• PROBLEM REQUIREMENTS
In the listing below, locate the line containing "Renaissance Bracelet in" and the line containing "powerpoint-template-various-citrus-fruits-on-wooden-kujhmhmhi". Output both of them and every line between, exactly as written, and nothing more.

• SUPPLIED RECORDS
————

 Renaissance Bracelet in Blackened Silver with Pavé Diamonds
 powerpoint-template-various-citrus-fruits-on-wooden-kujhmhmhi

————

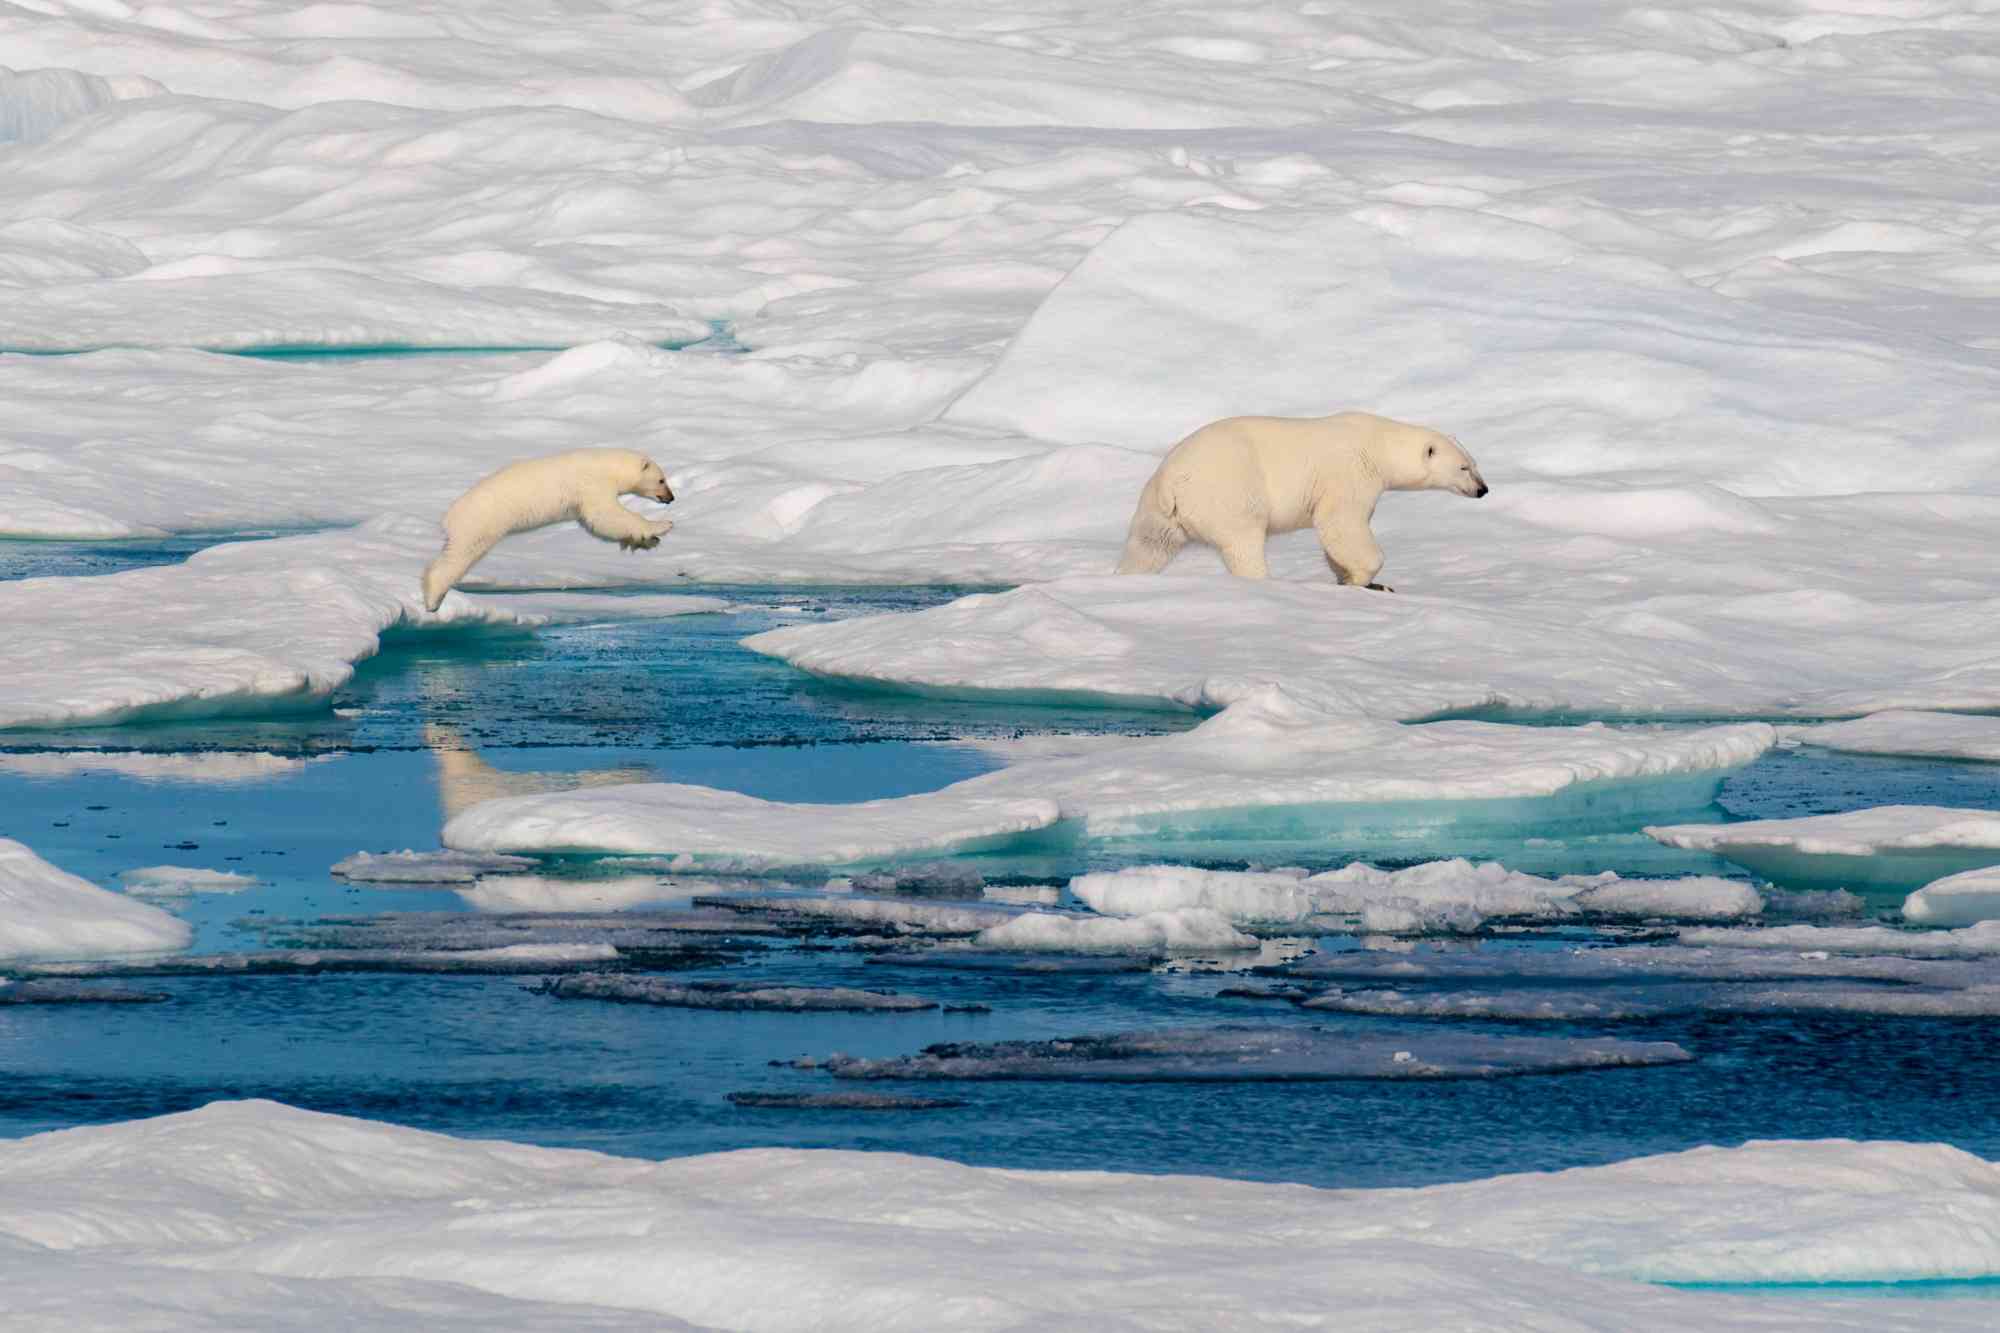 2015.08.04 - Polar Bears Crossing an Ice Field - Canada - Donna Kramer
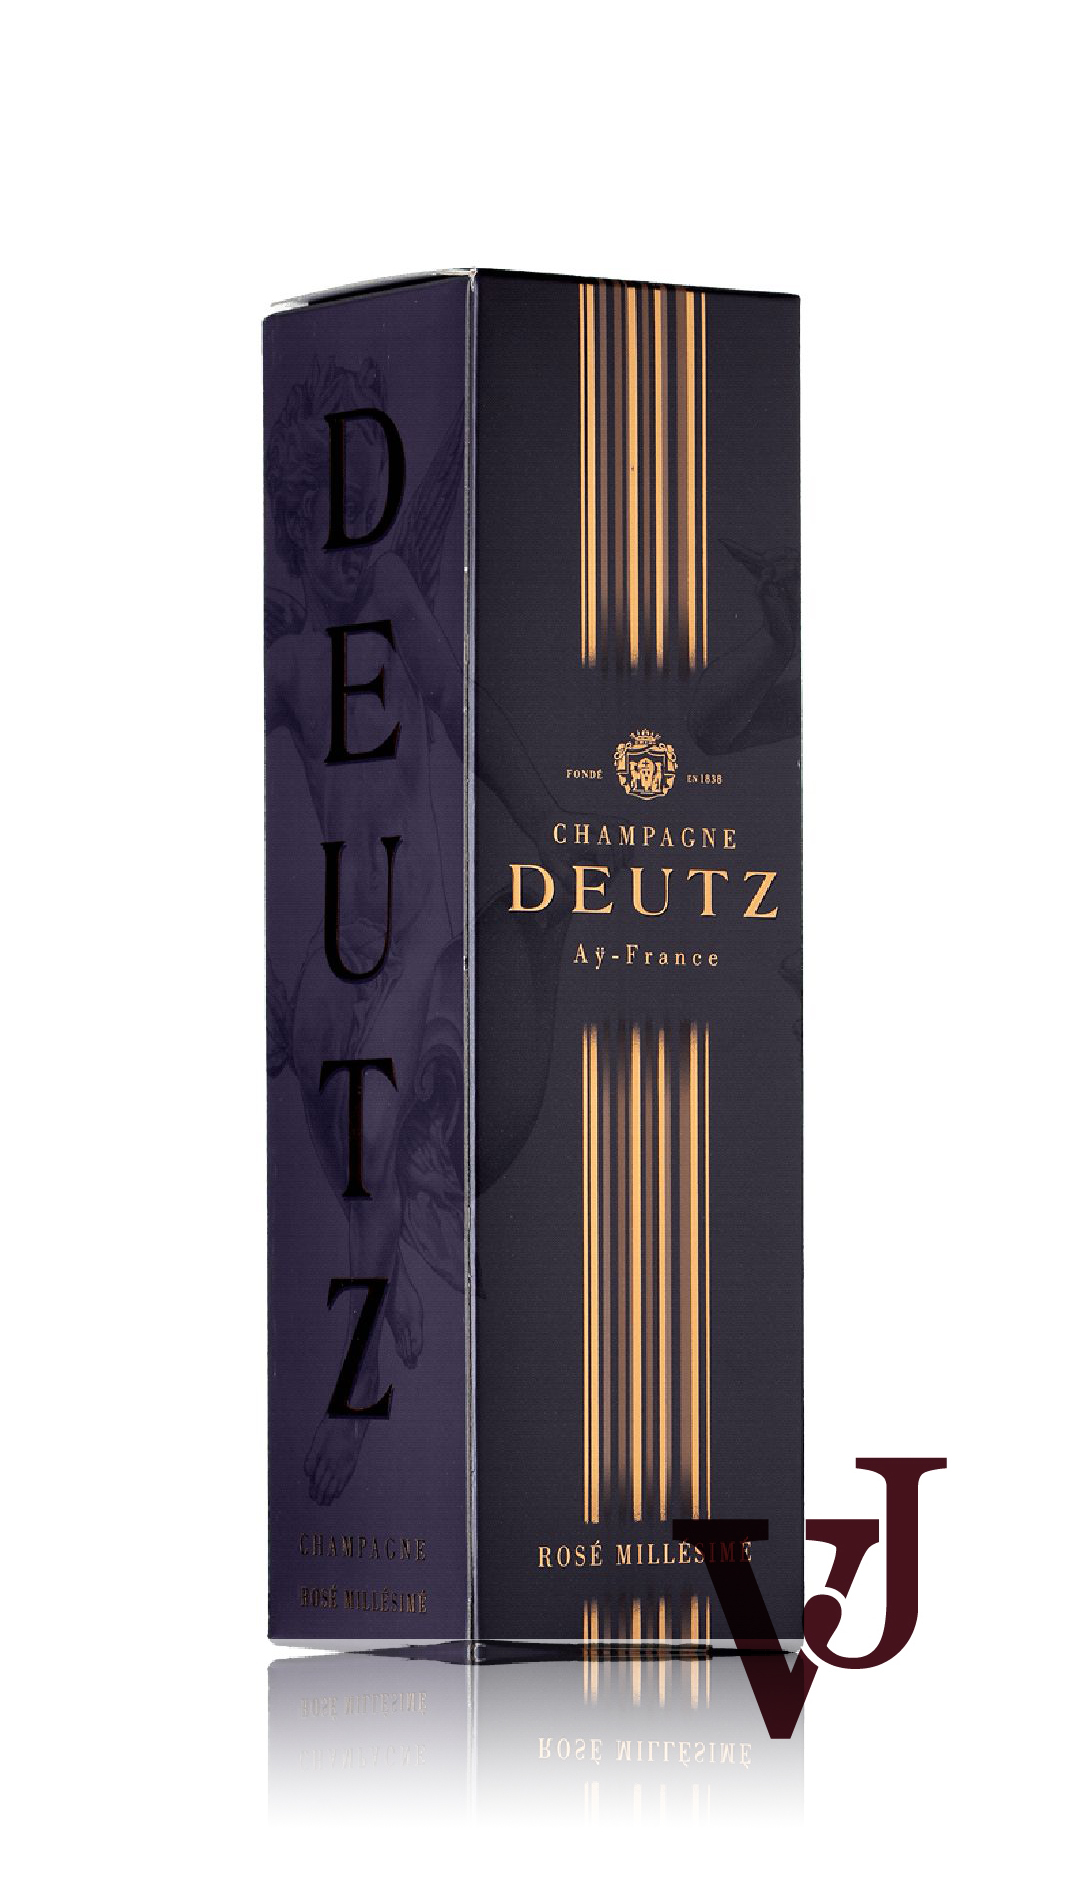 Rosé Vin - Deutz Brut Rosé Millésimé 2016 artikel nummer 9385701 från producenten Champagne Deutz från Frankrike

————

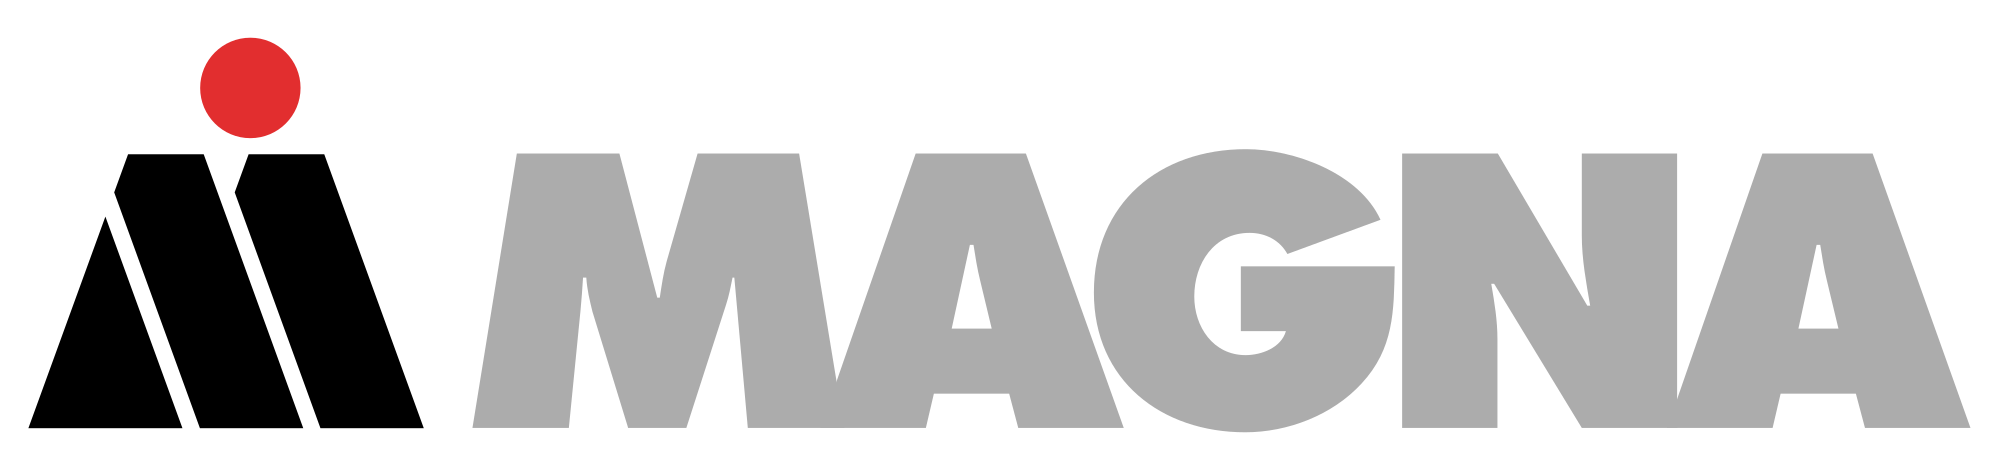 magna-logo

————

• FINAL ANSWER
 Renaissance Bracelet in Blackened Silver with Pavé Diamonds
 powerpoint-template-various-citrus-fruits-on-wooden-kujhmhmhi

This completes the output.